President Nixon replaced President Johnson’s War on Poverty with his War on Drugs in 1971. This new drug war was expanded by President Reagan and others to create mass incarceration. The United States currently has a higher percentage of its citizens incarcerated than any other industrial country. Although Blacks are only 13 percent of the population, they are 40 percent of the incarcerated. The literatures on the causes and effects of mass incarceration are largely distinct, and I combine them to show the effects of mass incarceration on racial integration. Racial prejudice produced mass incarceration, and mass incarceration now retards racial integration.

Summary

One-third of Black men in the United States today spend time in prison. The rise in Black incarceration intensified in the 1980s when cocaine used in the form preferred by Blacks was subject to conviction for possessing one percent of the amount of that white users like. My new INET research paper traces how the United States arrived at a new stable equilibrium where we have many more prisoners than any other advanced economy – one in which only a limited number of states released even a few convicts from prison for safety reasons during the COVID pandemic. Black convicts emerge from prison with far less education and social skills than white men. And they have great trouble forming families or earning a good living.

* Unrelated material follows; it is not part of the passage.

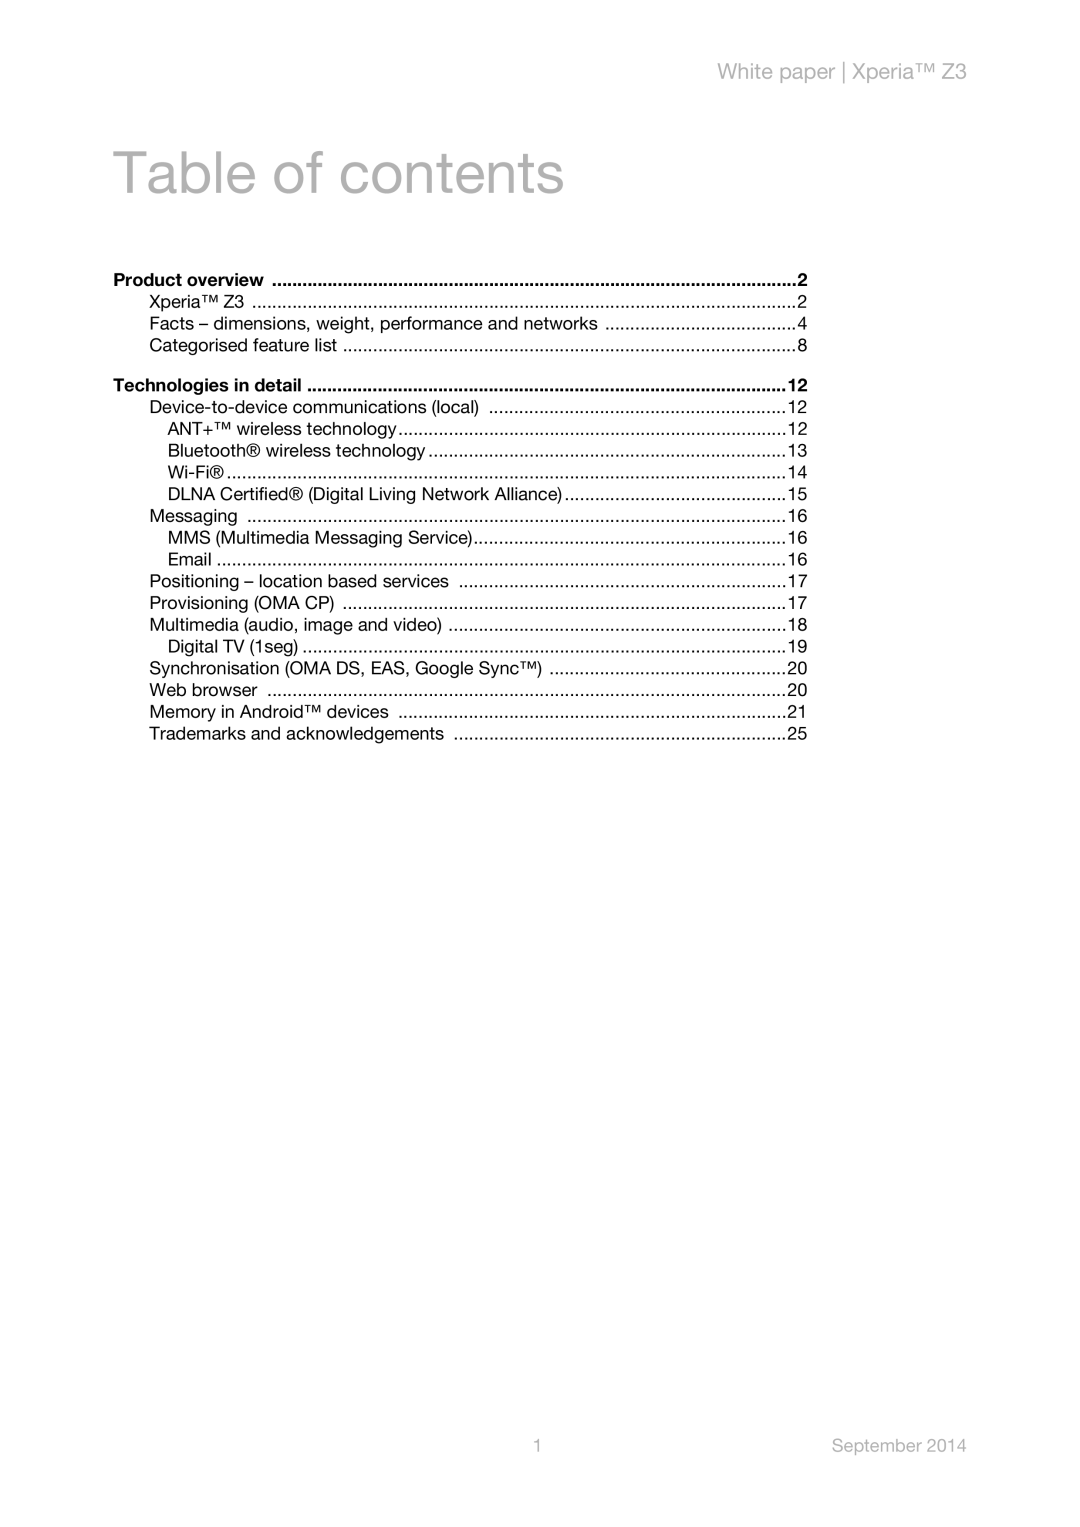 Sony D6603, D6653, D6633, D6616, D6643 manual Table of contents, White paper Xperia Z3, September

Generalizing from these victims of white laws and prosecution increases racism, that is, fear and condemnation of all people with dark skin. Even college-educated Blacks are subject to being lumped in with ex-felons. The fear of Black “crime,” whether violent or expensive is widespread among whites. Better public education, starting with Head Start, can reduce this prejudice. And we all would be better off if we reduced the number of prisoners and used the funds saved to improve public education.